> [Exercise details]:
Only the lines below between the one holding "A conceptual image" and the one holding "Planteon Kakao łuska fix 50g 2-0077-03-3", inclusive, are to be reproduced word for word; the pictures are to be left out.

> [Information shown]:

****************************************

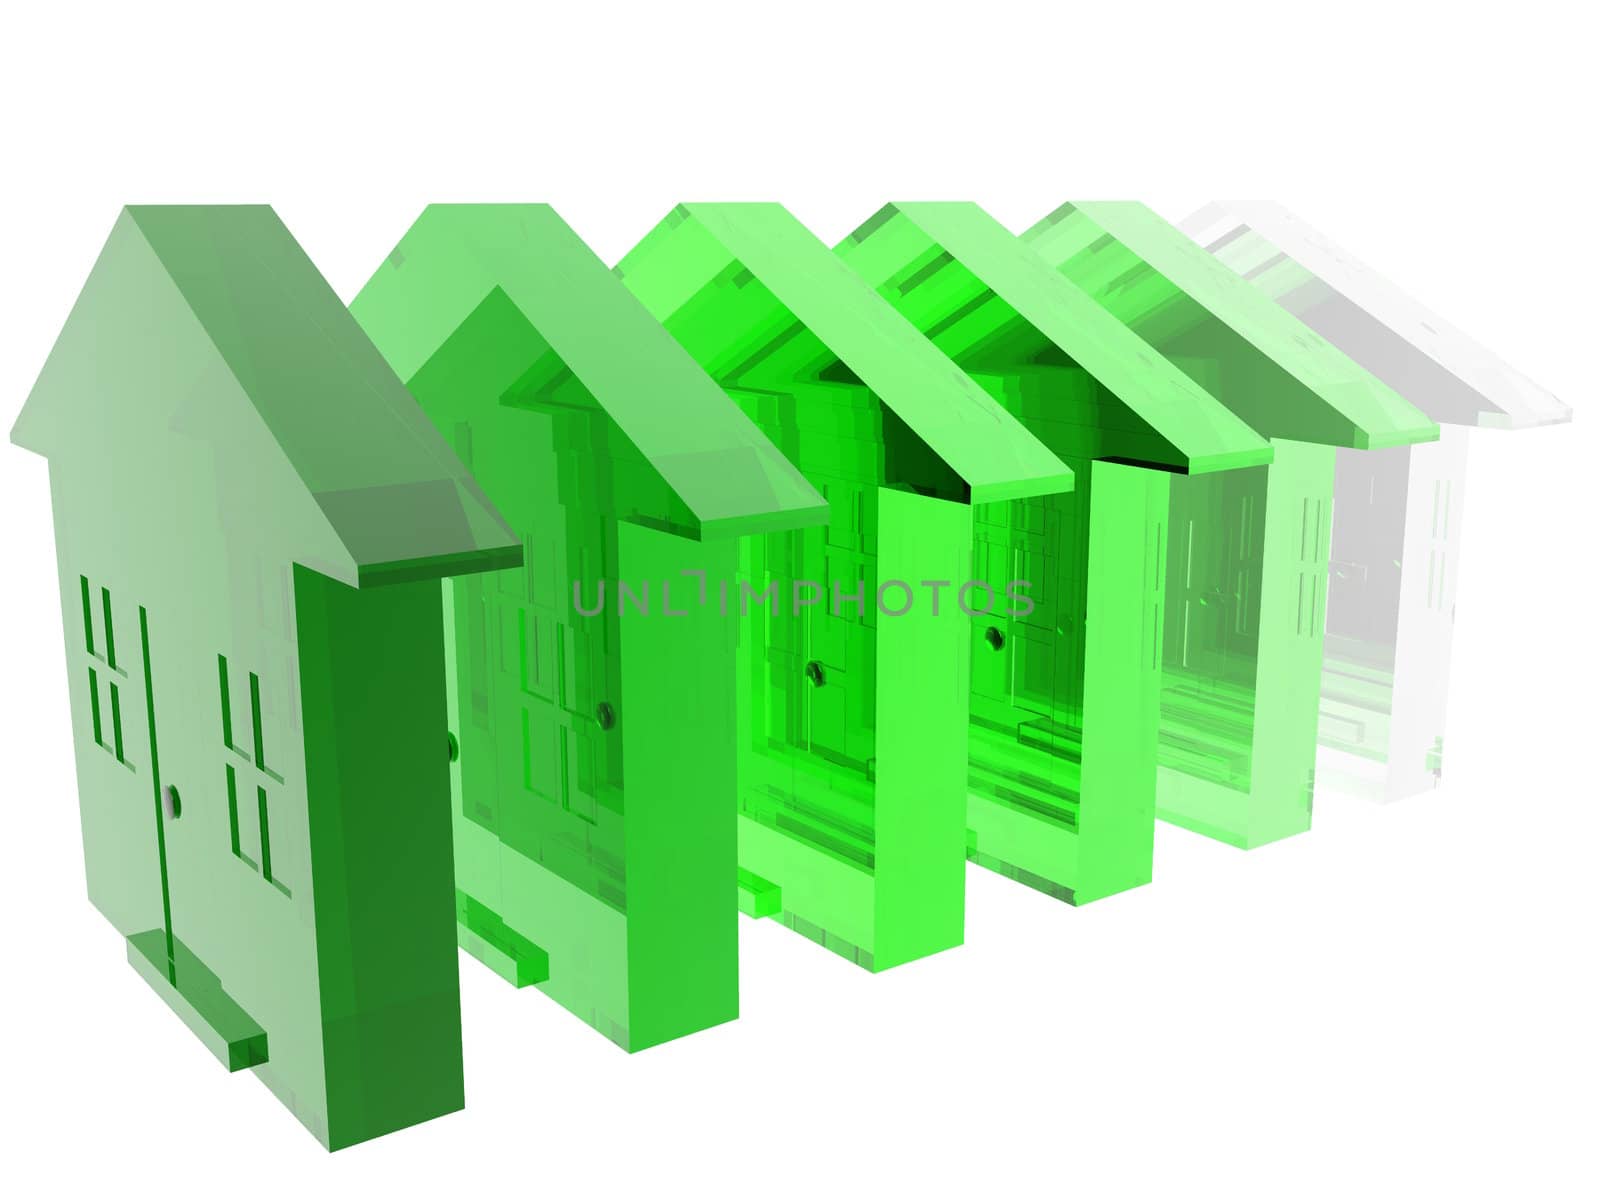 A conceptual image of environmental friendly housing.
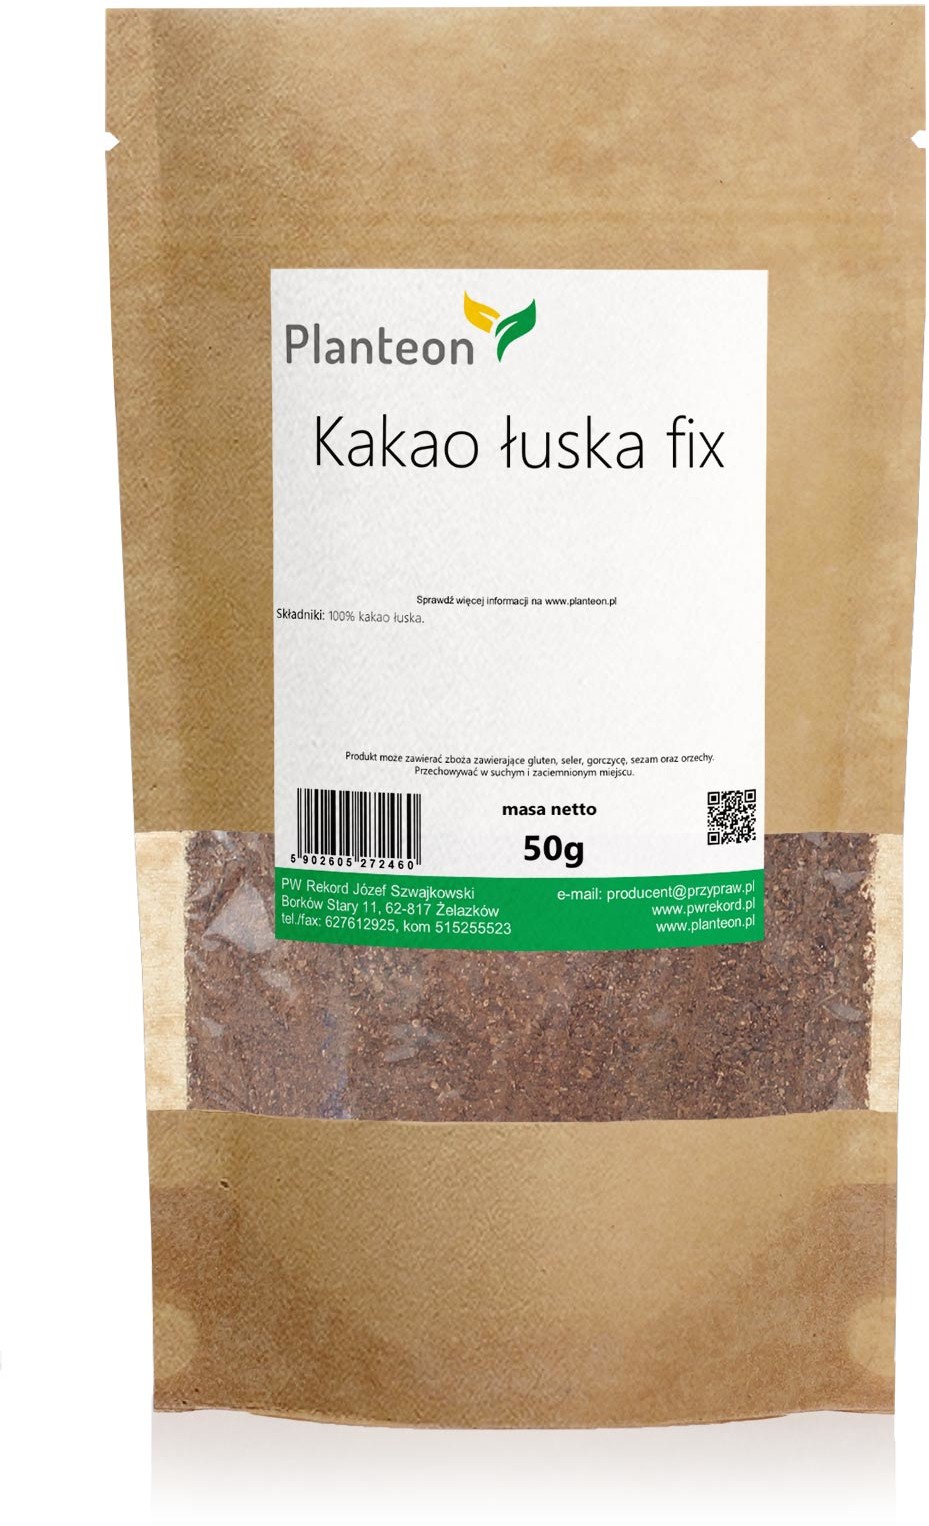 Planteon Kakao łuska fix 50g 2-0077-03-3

****************************************

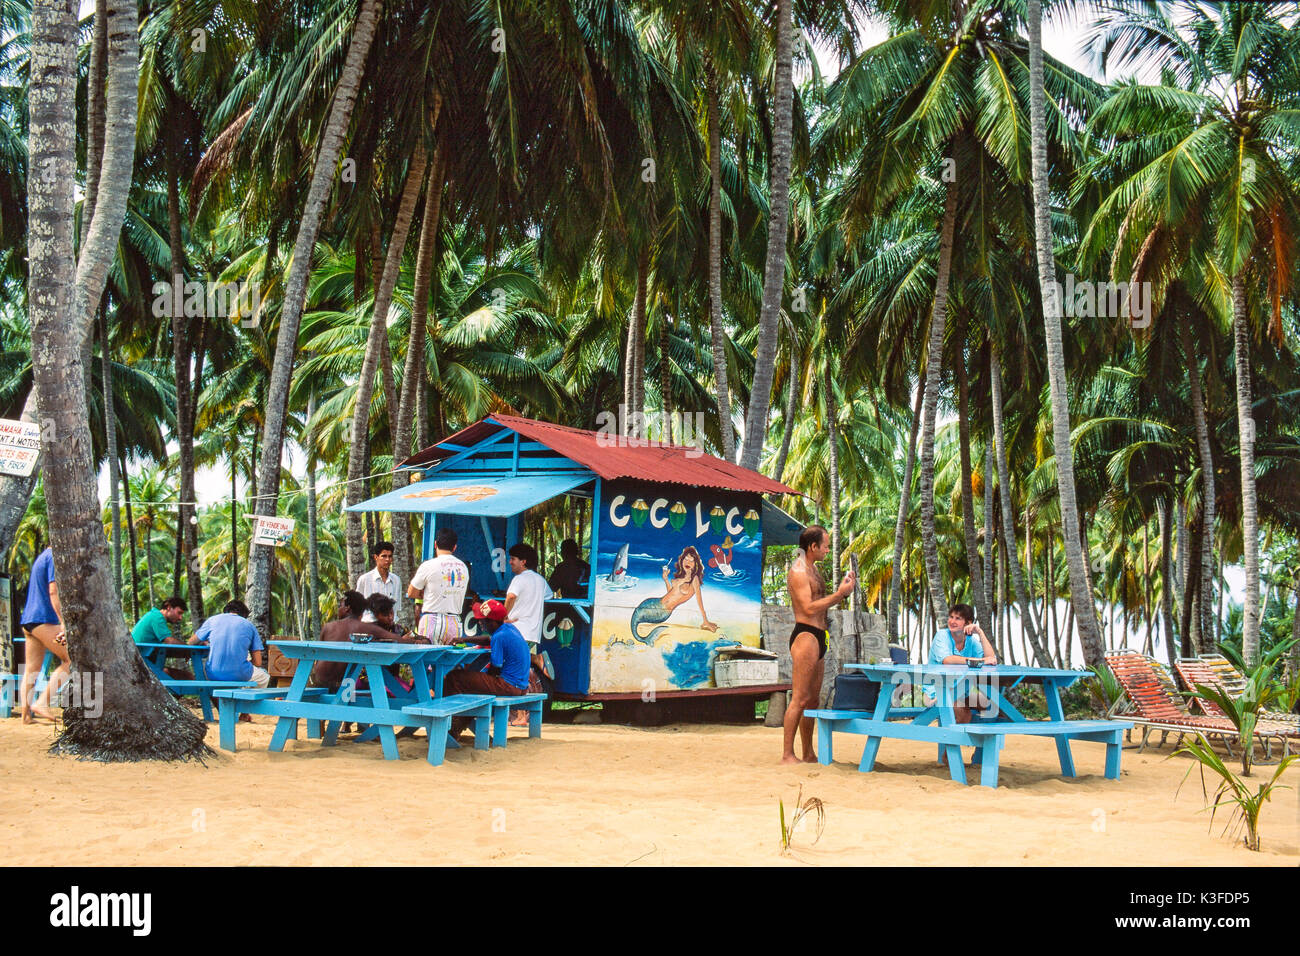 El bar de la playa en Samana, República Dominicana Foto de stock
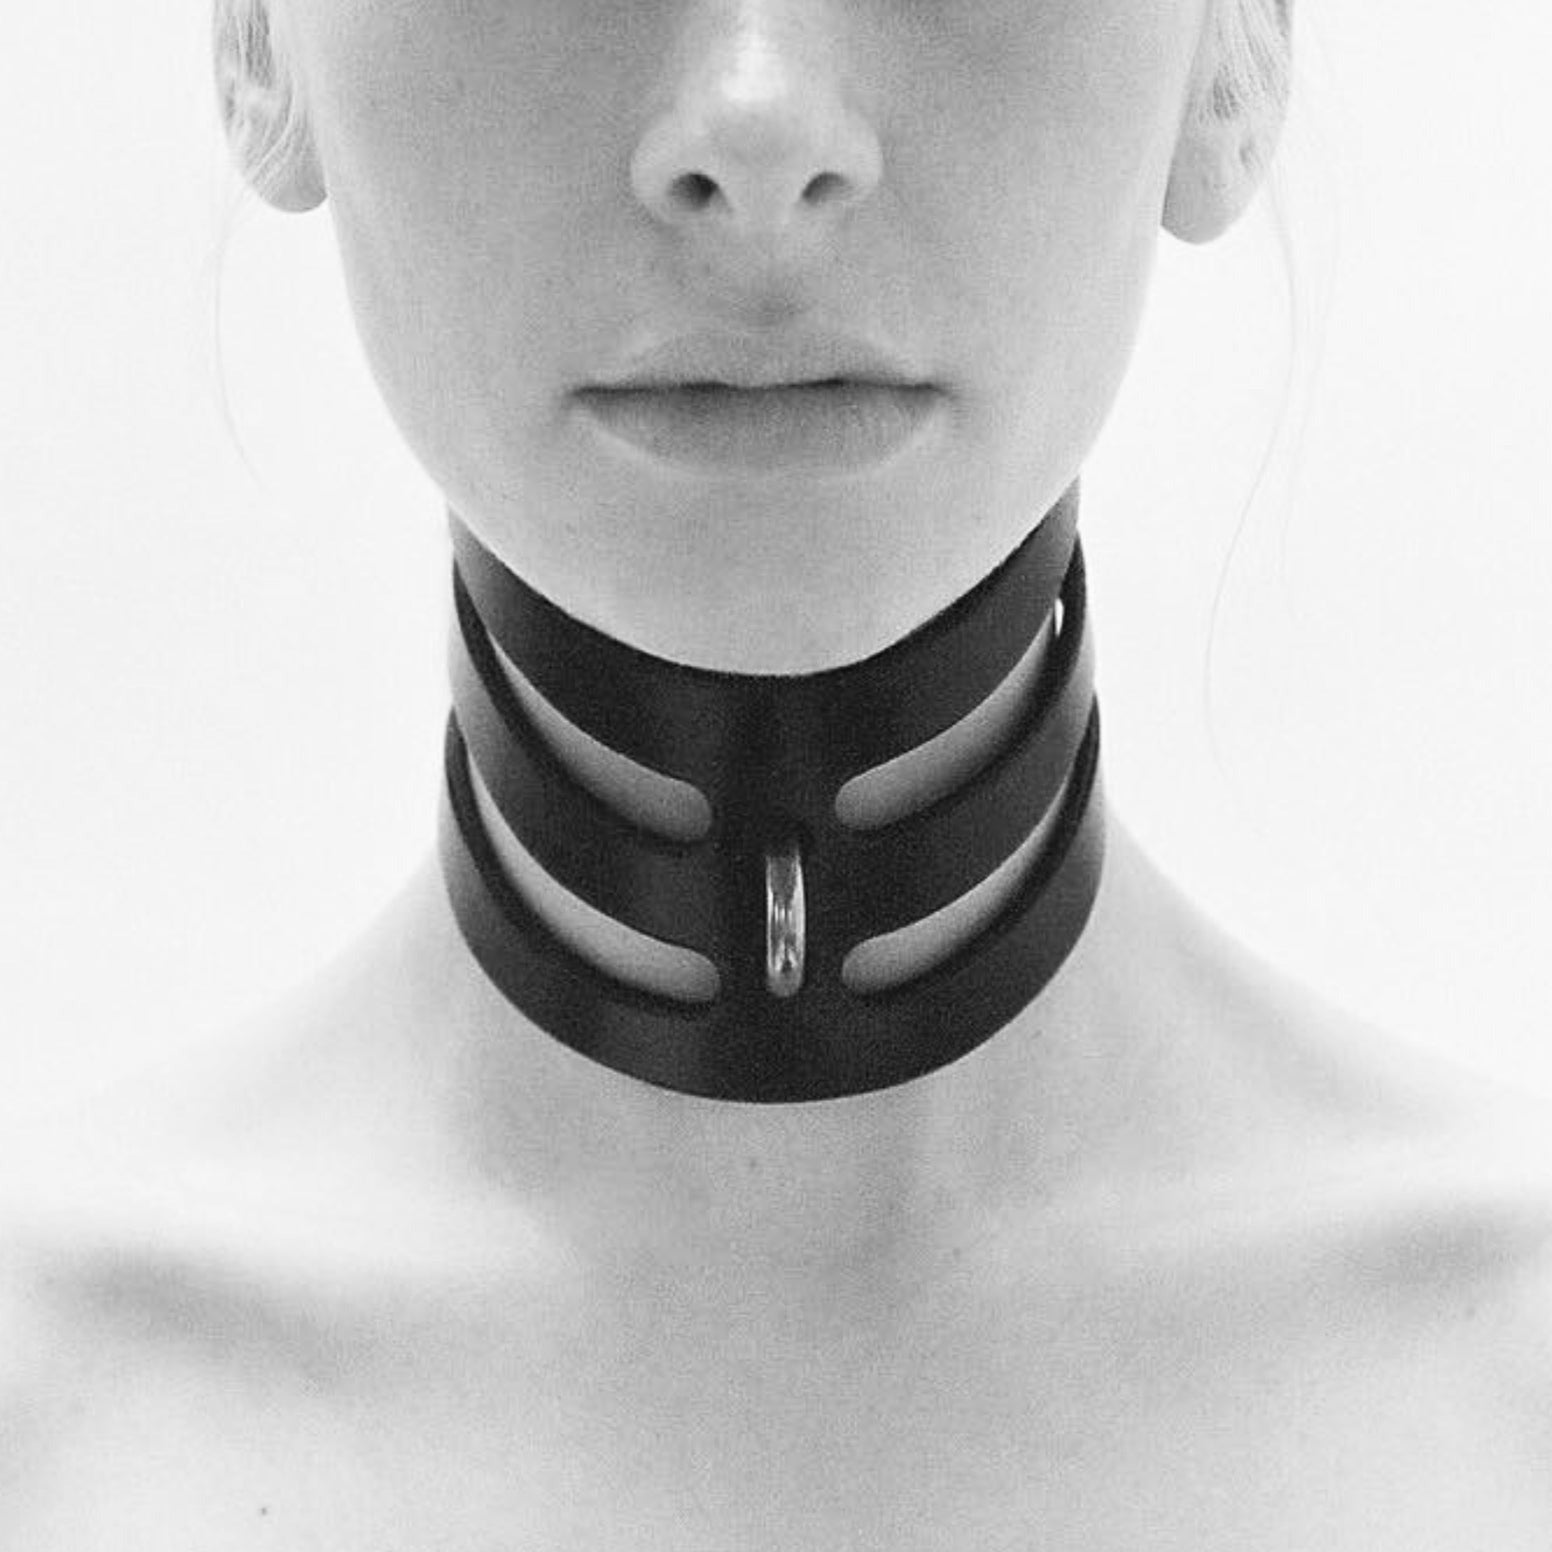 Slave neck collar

****************************************

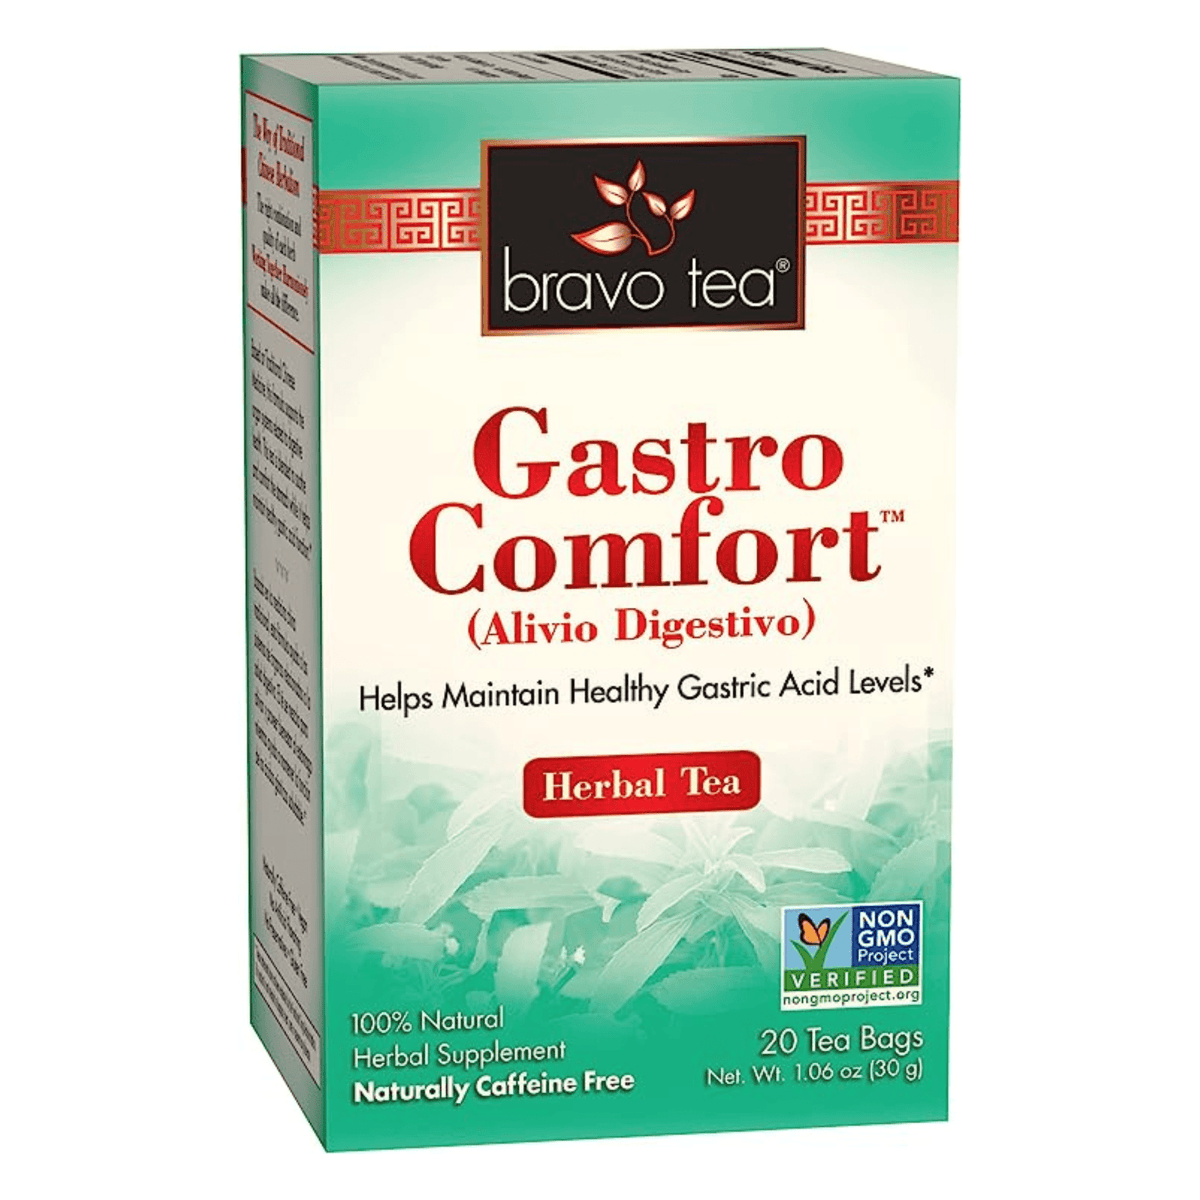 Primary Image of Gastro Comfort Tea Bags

****************************************

> [Expected output]:
 A conceptual image of environmental friendly housing.
 Planteon Kakao łuska fix 50g 2-0077-03-3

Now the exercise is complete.